Filter matings were performed using E. faecium BM4105RF (resistant to fusidic acid and rifampicin) as the recipient. Transconjugants were selected on BHI agar plates containing vancomycin (32 mg/L) and rifampicin (256 mg/L). Vancomycin resistance was transferred at frequencies of 10–5–10–7/donor from 18 of the 21 donor isolates (exceptions were isolates ZY30041, HY512 and HY48). All transconjugants expressed resistance to vancomycin and teicoplanin, with MICs equal to or lower than those for the donor isolates. Co-transfer of high-level resistance to gentamicin, streptomycin and amikacin was variable, but neither ampicillin nor ciprofloxacin resistance was transferred. All of the transconjugants acquired a plasmid of 
54 kb (data not shown).
MLST and MLVA were performed as described previously,3,4 and the results are shown in Table 1. MLST identified seven different sequence types (STs) among the 21 VREF isolates, but 18 isolates (excluding three isolates of ST343) belonged to clonal complex CC17. A new allele of purK (purK39) and three new STs, 341 (15-5-1-1-1-1-1), 342 (7-5-1-1-1-1-1) and 343 (15-1-1-39-1-20-1), were detected and submitted to the MLST web site (http://efaecium.mlst.net/). The predominant ST was ST78 (15-1-1-1-1-1-1: seven isolates). The MLVA typing scheme for VREF is less discriminatory than MLST5 and divided the 21 VREF isolates into four types (MTs); MT285 (6-9-3-3-1-2), MT286 (6-9-3-3-2-2), MT288 (6-9-3-3-2-3) and MT289 (7-9-3-3-2-3). Importantly, ST343, which does not belong to CC17, could not be distinguished from CC17 isolates by MLVA.

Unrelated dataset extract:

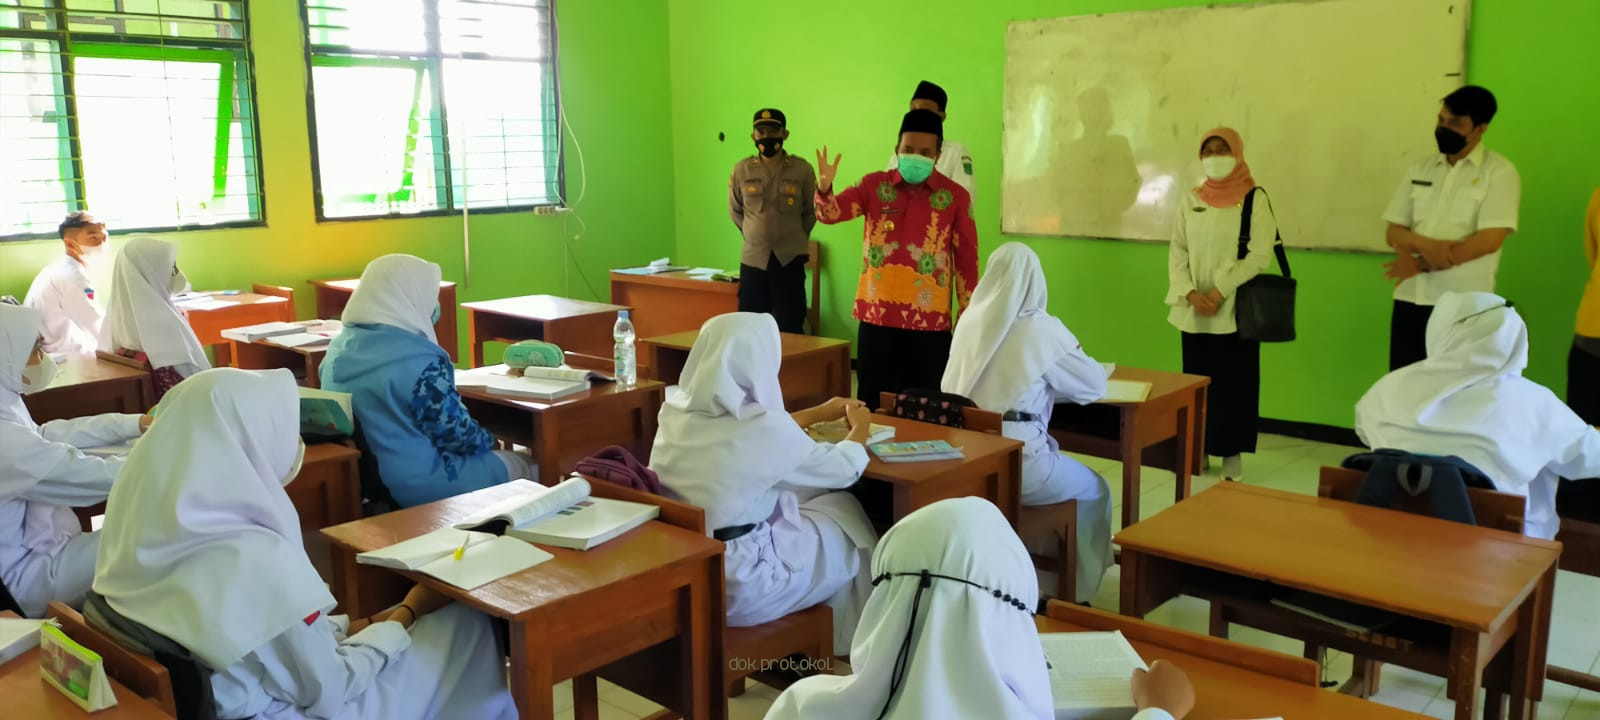 Sidak PTM Terbatas, Wakil Bupati Pasuruan, Gus Mujib Imron Tegur Sekolah Yang Masukkan Siswanya 100% Kapasitas Kelas

The presence of genes presumptively involved in virulence or epidemicity, esp, hyl, cylA, gelE and asa1, coding for an enterococcal surface protein, hyaluronidase, cytolysin/haemolysin, gelatinase and aggregation substance, respectively, was tested by PCR. Different combinations of putative virulence/epidemicity (VIEP) markers were detected (Table 1), and isolates belonging to the same clonal type had diverse VIEP profiles.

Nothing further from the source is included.